VMware vRealize Orchestrator 6.0.4 is available as a preconfigured virtual appliance. The appliance significantly reduces the time and skills required to deploy vRealize Orchestrator and provides a low-cost alternative to the traditional Windows-based installation.

The Orchestrator Appliance is distributed as an OVF file. It is prebuild and preconfigured with Novell SUSE Linux Enterprise Server, PostgreSQL, and OpenLDAP, and it can be used with vCenter Server 4.1 and later.

The Orchestrator Appliance functionality is suitable for any use case from lab evaluation to large-scale production, when an external database is used.

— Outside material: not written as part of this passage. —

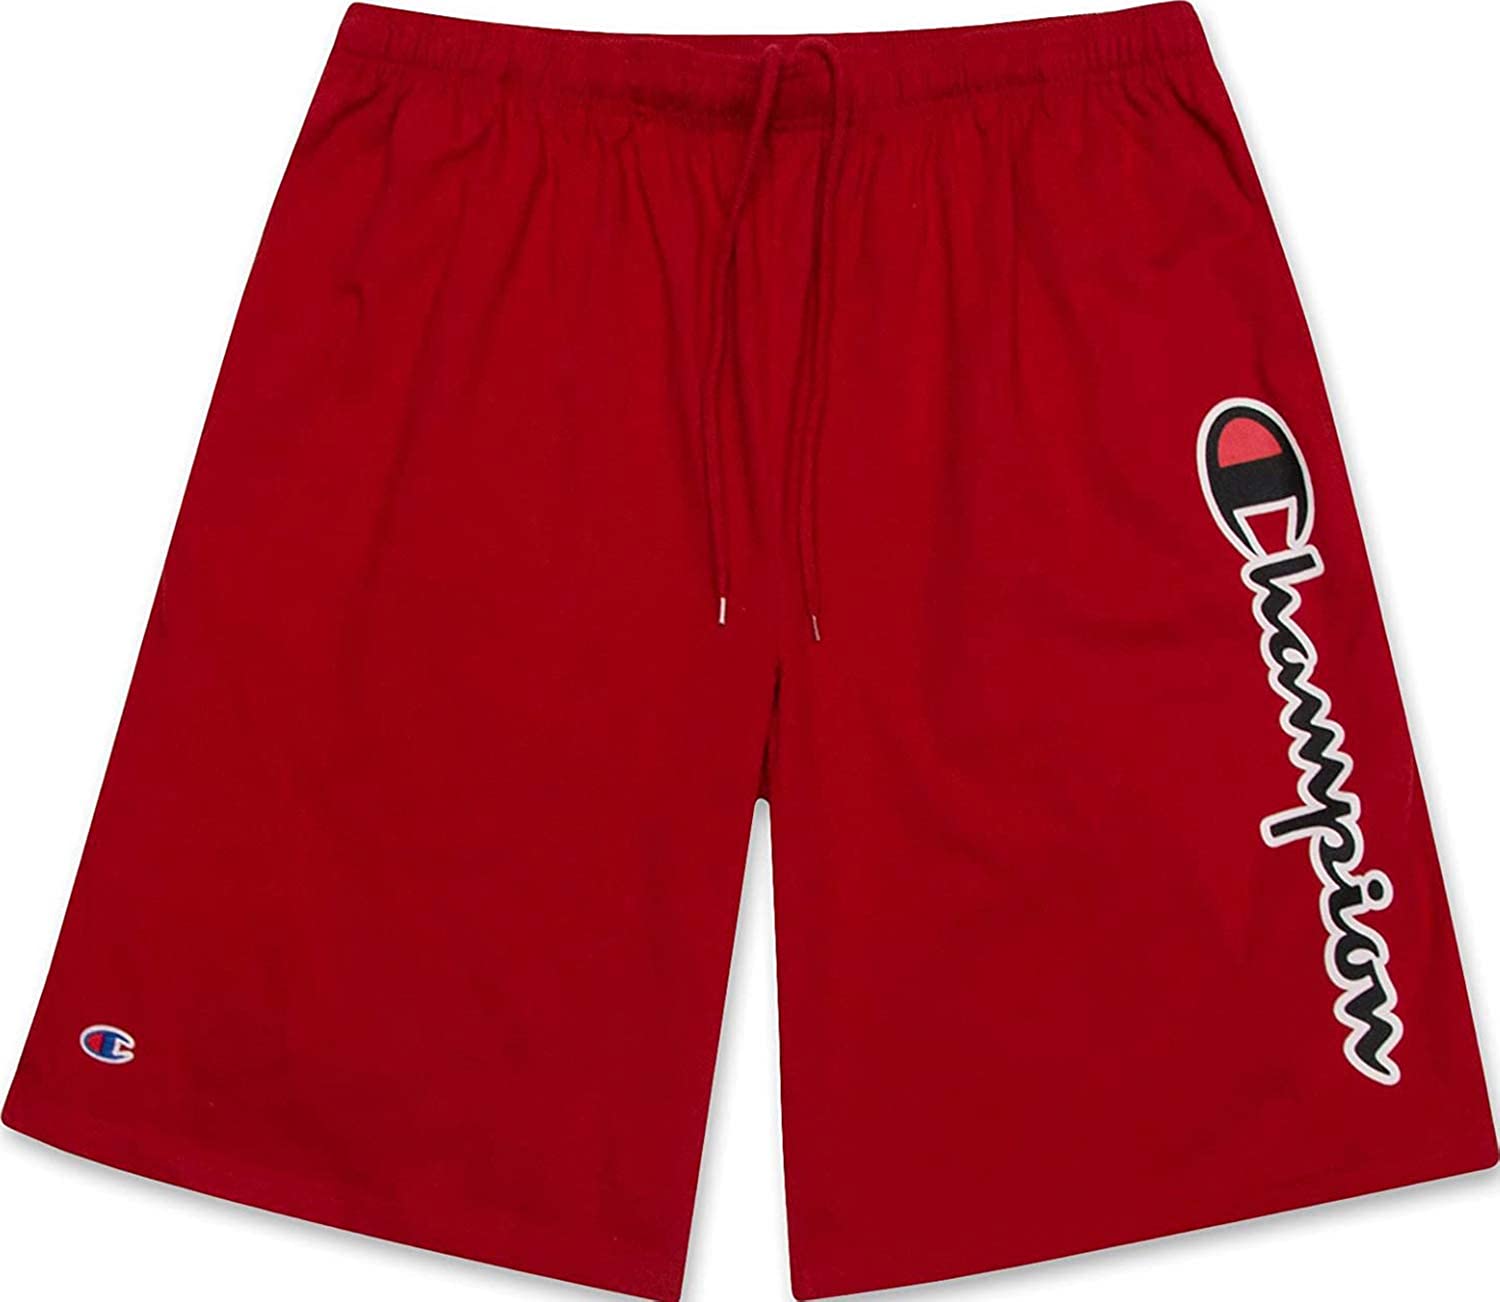 Champion Mens Big and Tall Lightweight Cotton Jersey Shorts with Script Logo

The appliance offers all of the components included in the regular Windows-based installation, along with the flexibility to use either the prebuilt directory services and database, or external ones like Active Directory or Oracle. The Orchestrator appliance is certified to run at the same performance level as the Windows-based installation.

The Orchestrator Appliance is a fast, easy to use, and more affordable way to integrate the VMware cloud stack, including vCenter Server and vCloud Director, with your IT processes and environment.

Upgrading to vRealize Orchestrator 6.0.4

For instructions about deploying and using the Orchestrator Appliance, see Installing and Configuring VMware vRealize Orchestrator.

Important: For security reasons, the password expiry of the root account of the Orchestrator Appliance is set to 365 days. To increase the expiry time for an account, log in to the Orchestrator Appliance as root, and run the following command:

passwd -x number_of_days name_of_account

To make your Orchestrator Appliance root password last forever, run the following command:

passwd -x 99999 root

Plug-Ins Installed with vRealize Orchestrator 6.0.4

The following plug-ins are installed by default with vRealize Orchestrator 6.0.4:

  • vRealize Orchestrator vCenter Server Plug-In 6.0.2
  • vRealize Orchestrator Mail Plug-In 7.0.0
  • vRealize Orchestrator SQL Plug-In 1.1.4
  • vRealize Orchestrator SSH Plug-In 7.0.1
  • vRealize Orchestrator SOAP Plug-In 1.0.4
  • vRealize Orchestrator HTTP-REST Plug-In 1.1.0
  • vRealize Orchestrator Plug-In for Microsoft Active Directory 2.0.3
  • vRealize Orchestrator AMQP Plug-In 1.0.4
  • vRealize Orchestrator SNMP Plug-In 1.0.3
  • vRealize Orchestrator PowerShell Plug-In 1.0.7
  • vRealize Orchestrator Multi-Node Plug-In 6.0.4
  • vRealize Orchestrator Dynamic Types 1.0.1

Internationalization Support

vRealize Orchestrator 6.0.4 supports internationalization level 1. Although Orchestrator is not localized, it can run on non-English operating systems and supports non-English text.

How to Provide Feedback

Your active feedback over the next few weeks is appreciated. Provide your feedback by:

  • Support Requests (SRs)
  • Orchestrator Discussion Forum

Support Requests

File all issues that you find as Support Requests (SRs), even if you report them to VMware by other means.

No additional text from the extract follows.